In 2013, Indiana’s Supreme Court upheld the use of public funds to support student tuition at private schools. Since then, state Republican lawmakers have consistently pushed for eligibility expansions to allow more students to use the program. During his term as governor, former Vice President Mike Pence expanded eligibility, including to middle class families, leading to a nearly three-fold increase of students receiving a voucher. 

Then in 2021 lawmakers increased the income eligibility to $154,000 for a family of four — that’s 300 percent of federal free or reduced price lunch eligibility.

Now, in the program’s 12th year, the average student receiving a voucher is described as White, elementary school-age, and from a household of around four people with an income of $81,818, according to the Indiana Department of Education. Indiana’s median household income is around $62,000.

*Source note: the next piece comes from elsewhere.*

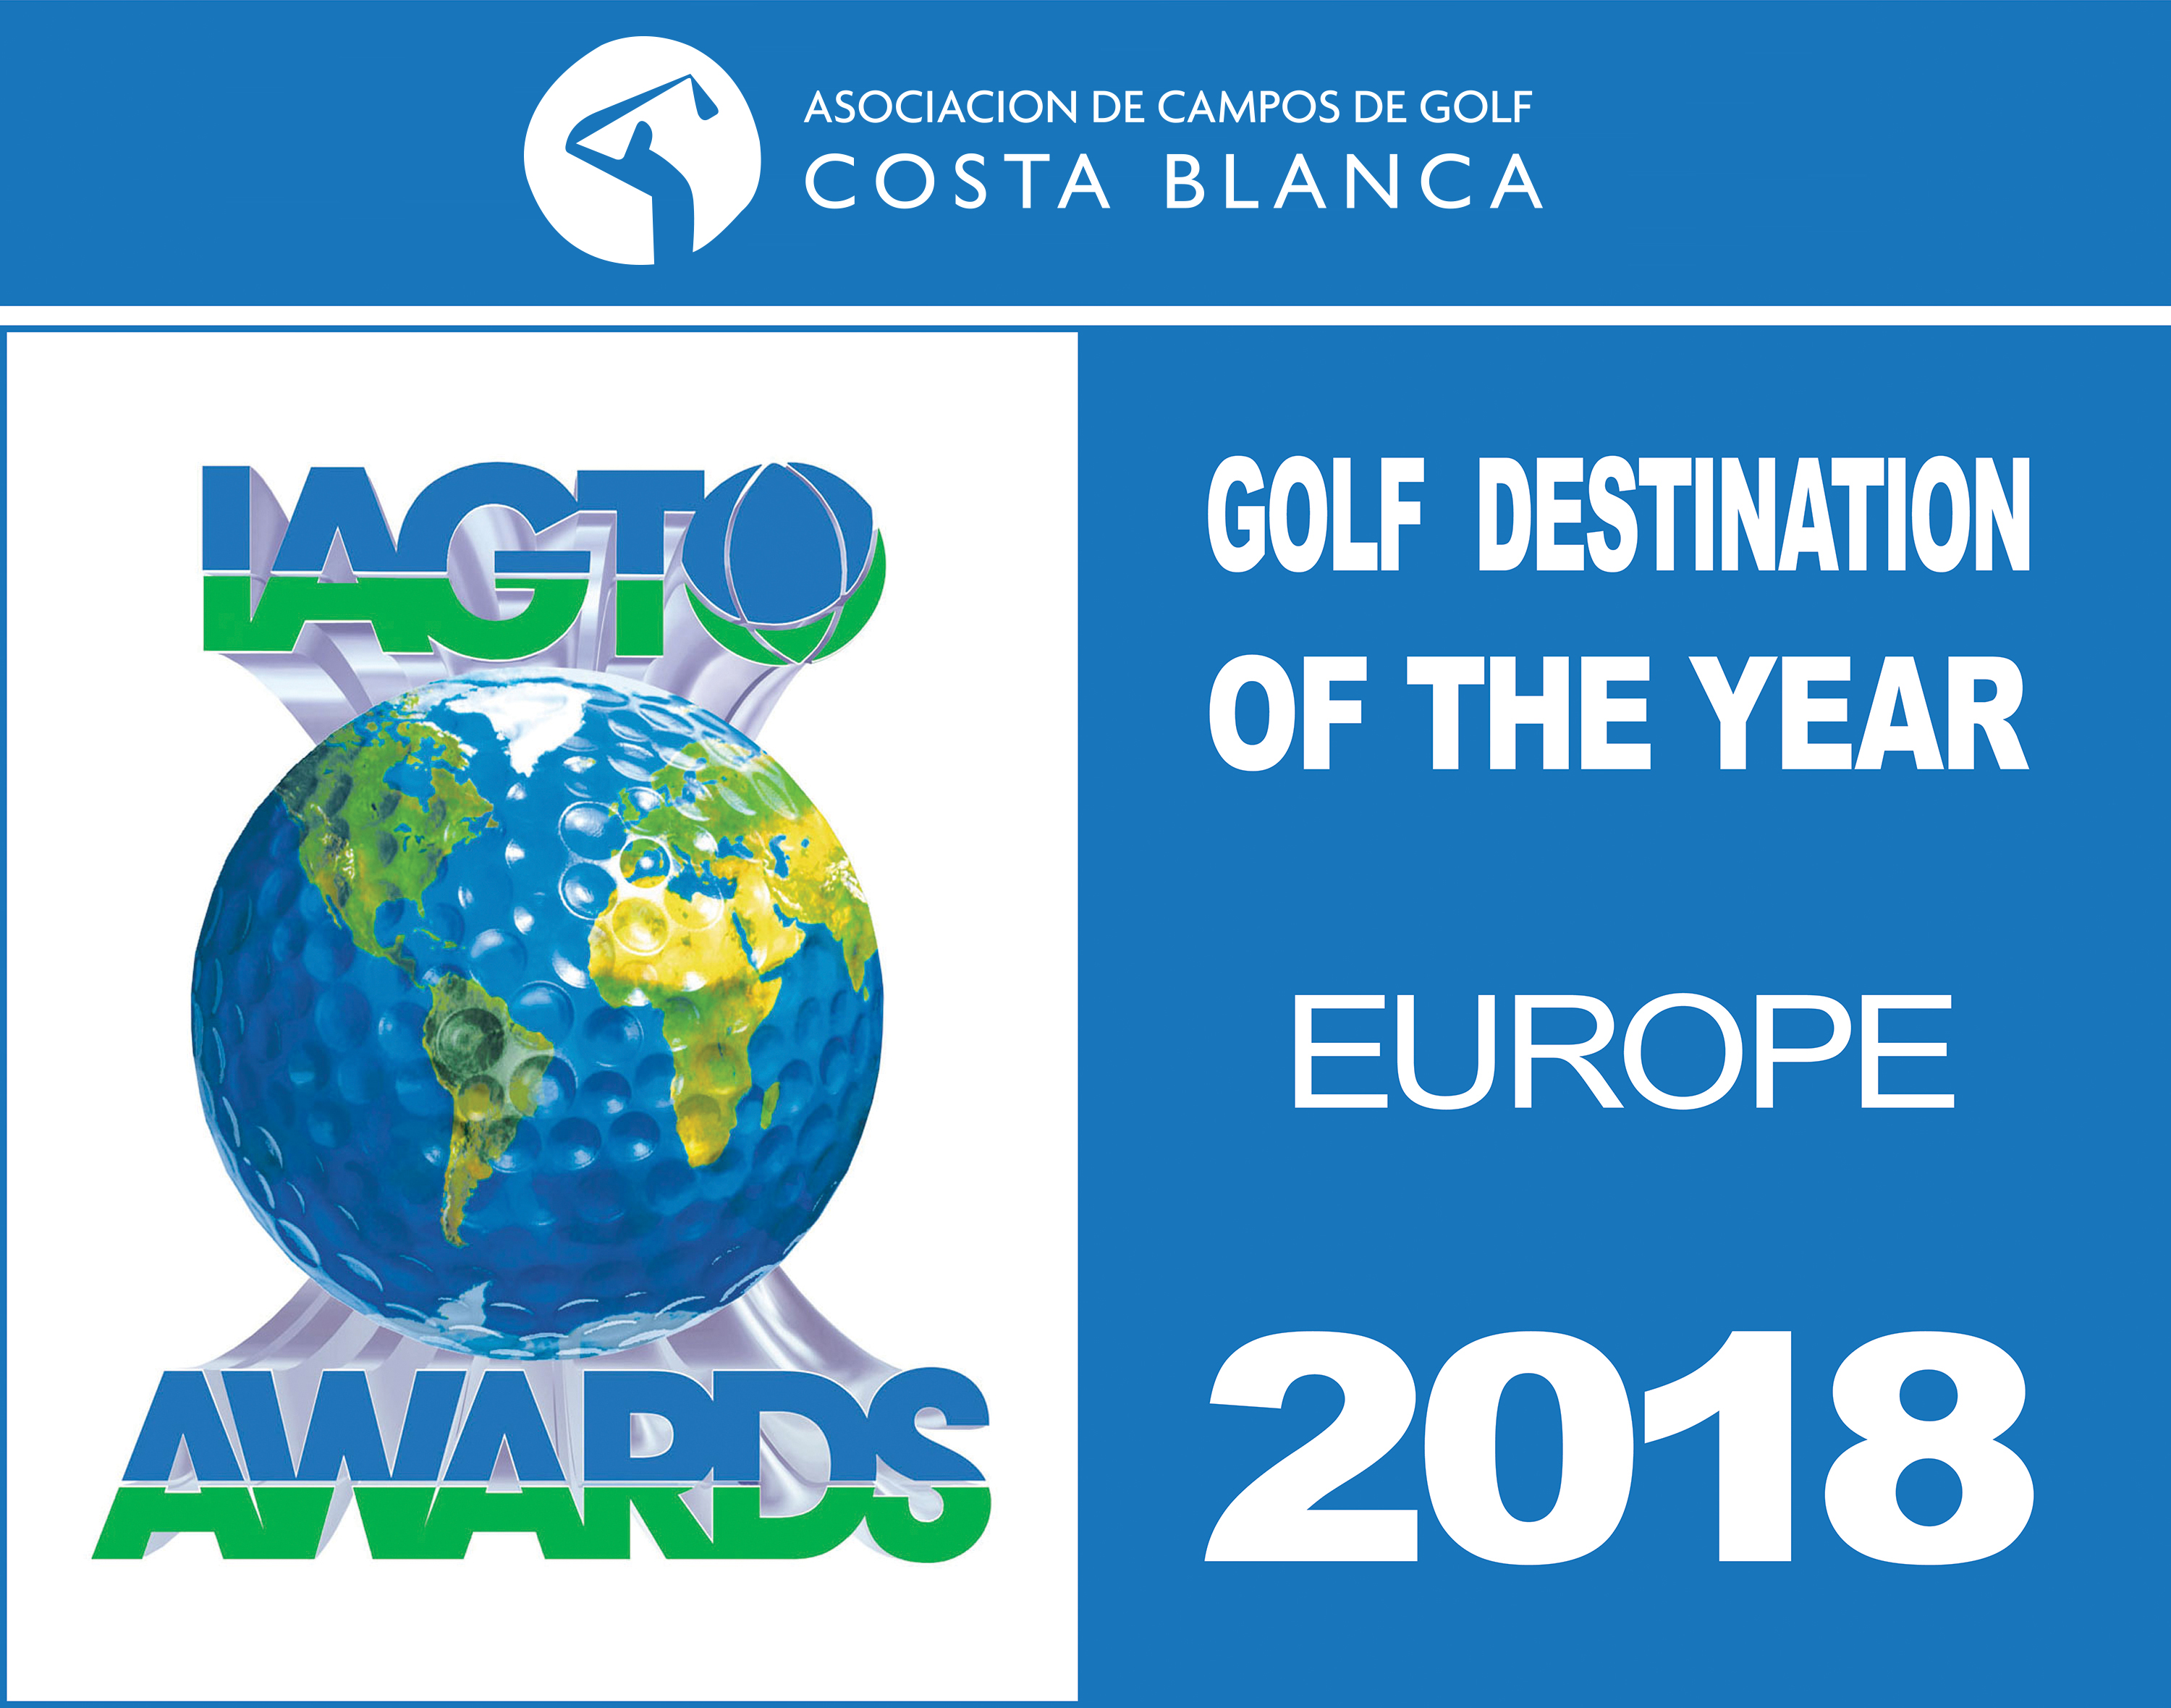 Destino europeo de golf del año, golf costa blanca, asociacion
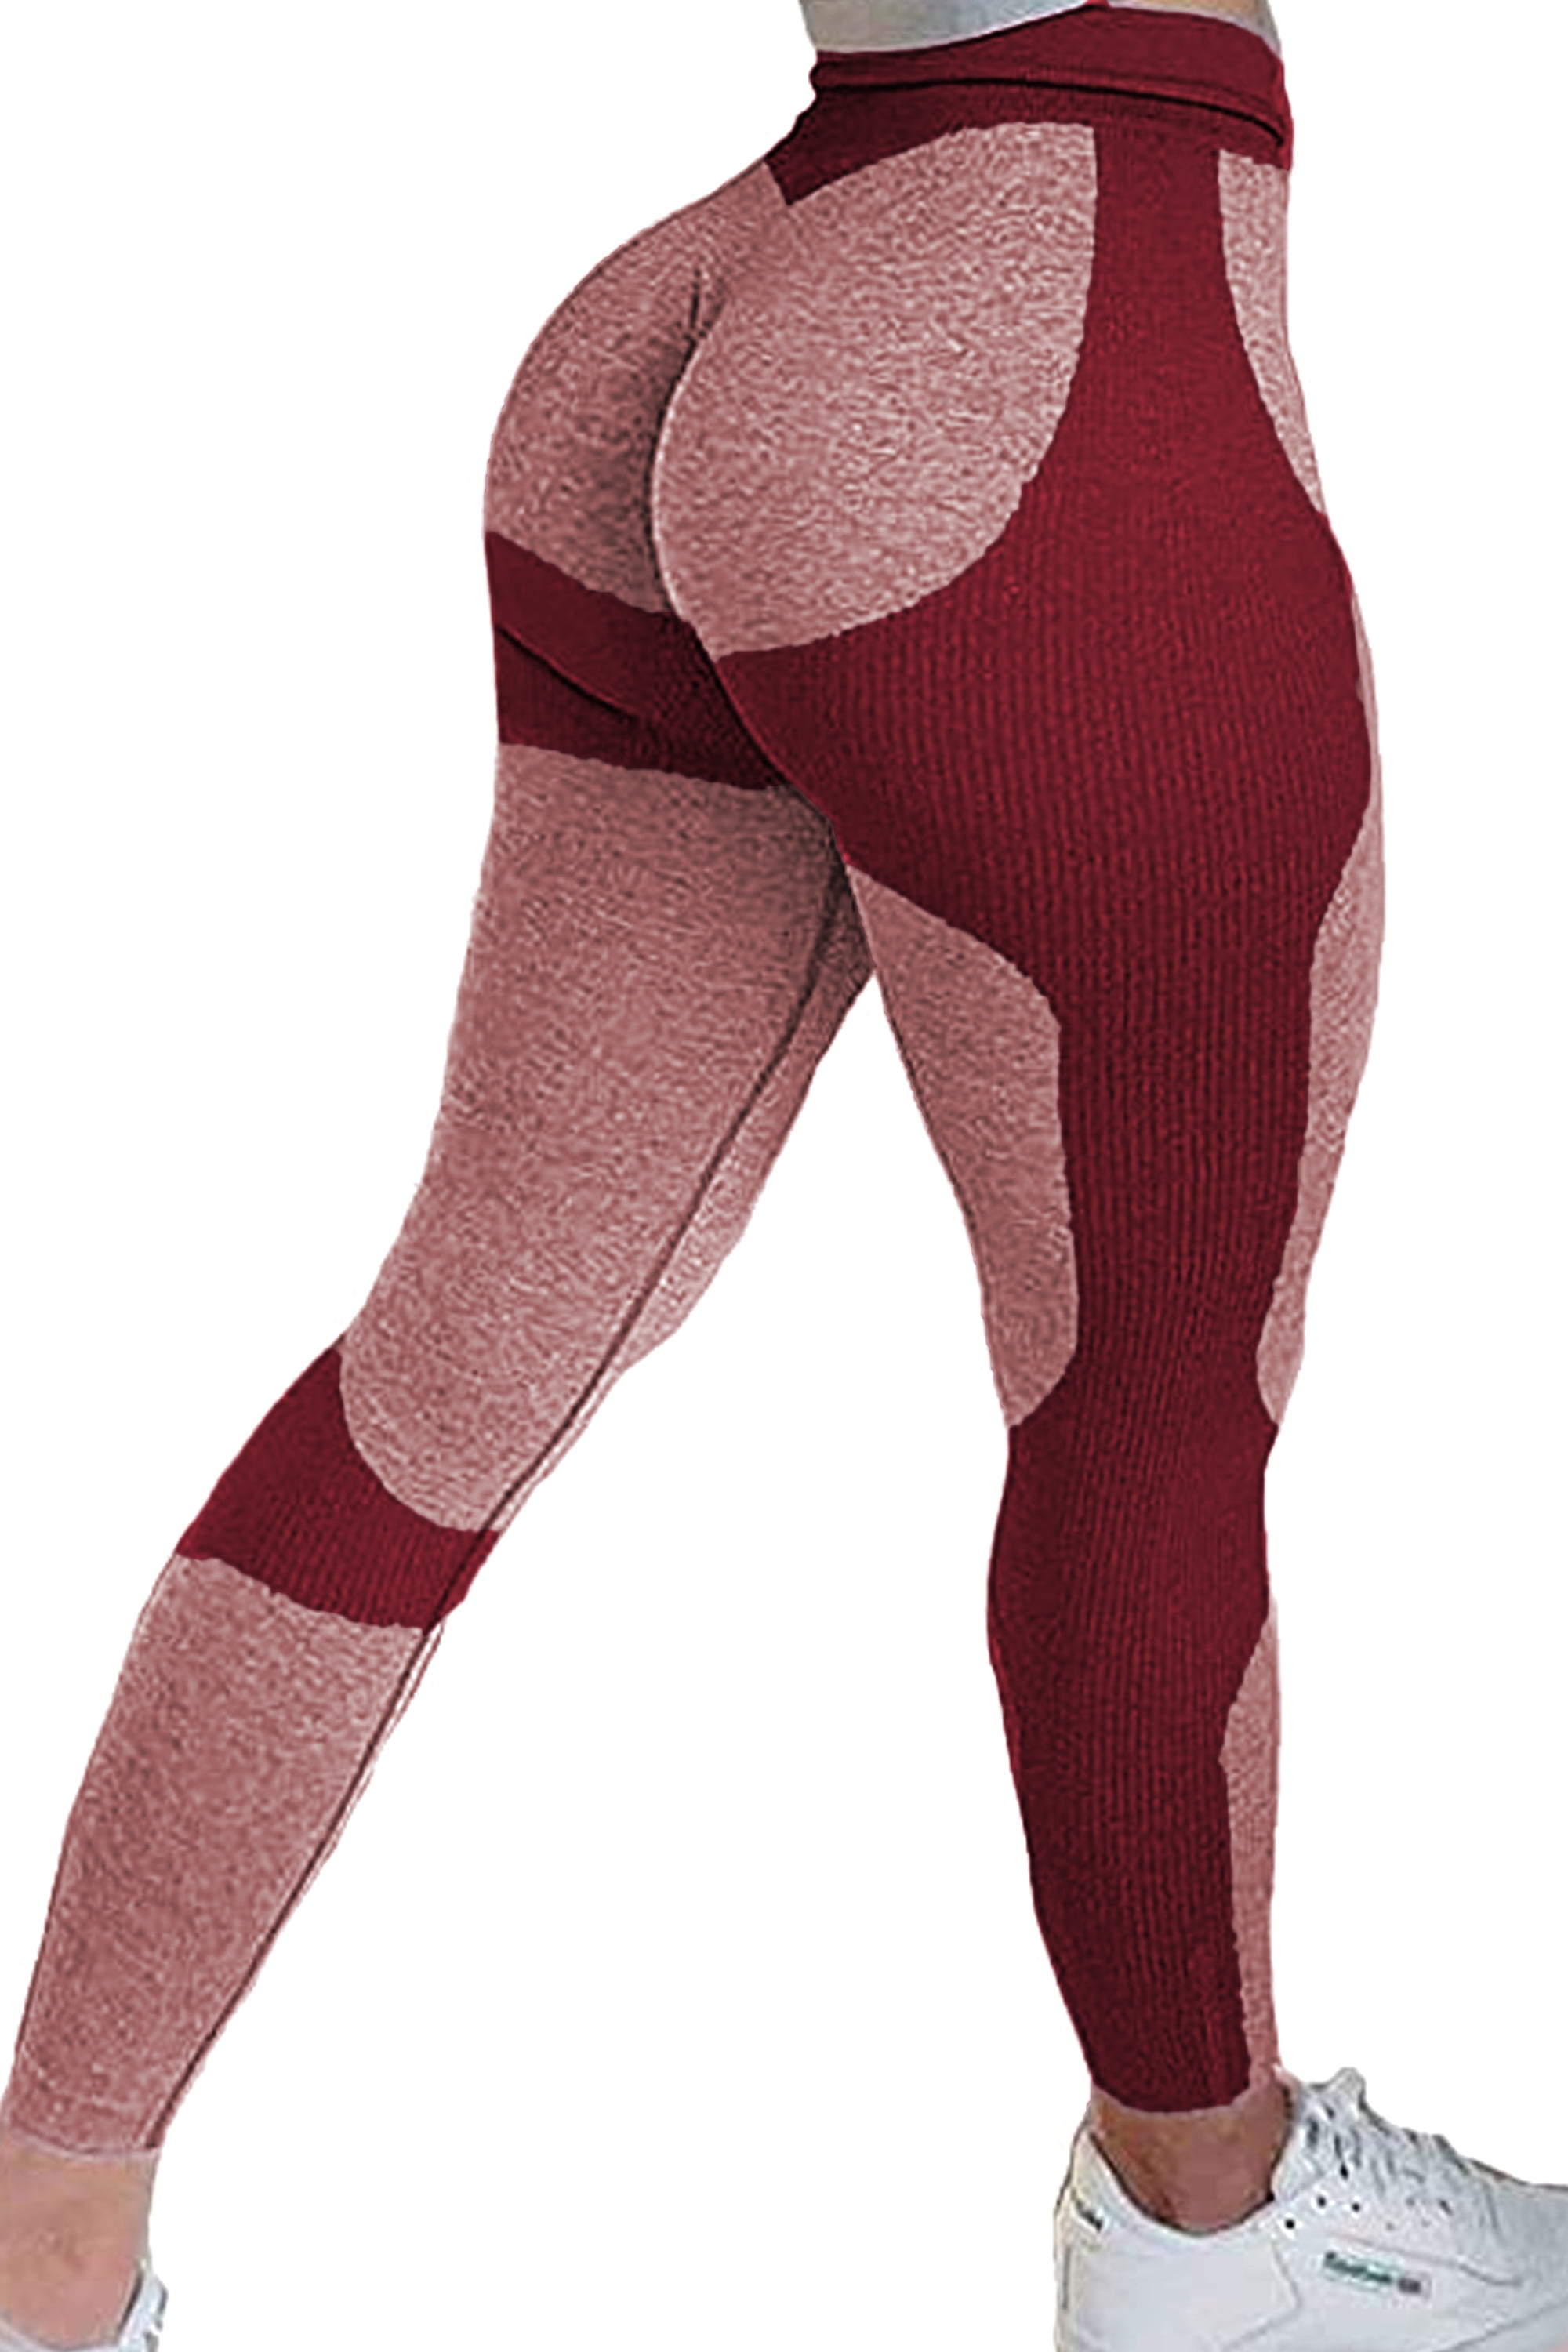 Women Seamless Leggings Yoga Pants High Waist Butt Lift Ombre Workout Trousers A

The report found the high-income eligibility likely led to the 9.3 percent decrease in the number of participating families with an income of $50,000 or less. Families earning $100,001 to $150,000 saw the largest increase in voucher use at about 8.4 percent.

White students have always made up the majority of those in the voucher program. And they’ve steadily grown from 48 percent in the first year to nearly 62 percent now. In the last school year, the percentage of White students using vouchers grew by 3 percent, and Asian students ticked up by less than 0.25 percent. 

All other racial groups declined or stayed the same: Hispanic students at 19 percent and Black students at 9.5 percent of the program.

Statewide, White students make up 66 percent of all students in public, private and charter schools. 

Critics have long criticized the program for diverting taxpayer funds from public schools to private schools that are not required to follow many of the same transparency and reporting rules as traditional public or charter schools. Democrat lawmakers have failed to block vouchers going to private schools that discriminate against lesbian, gay, bisexual, and transgender students on the basis of religion.

Vouchers provide 90 percent of the amount of state-funding a public school corporation receives for each student, or covers tuition and fees – whichever is the lesser amount. 

The two private schools with the most students and state funds in the voucher program are in Indianapolis: Roncalli High School with 655 students and $4,151,401; and Heritage Christian School with 606 students and $3,721,258.

Now, 4.68 percent of all Indiana students use a voucher to attend a school. Traditional public schools make up 87.47 percent of enrollment.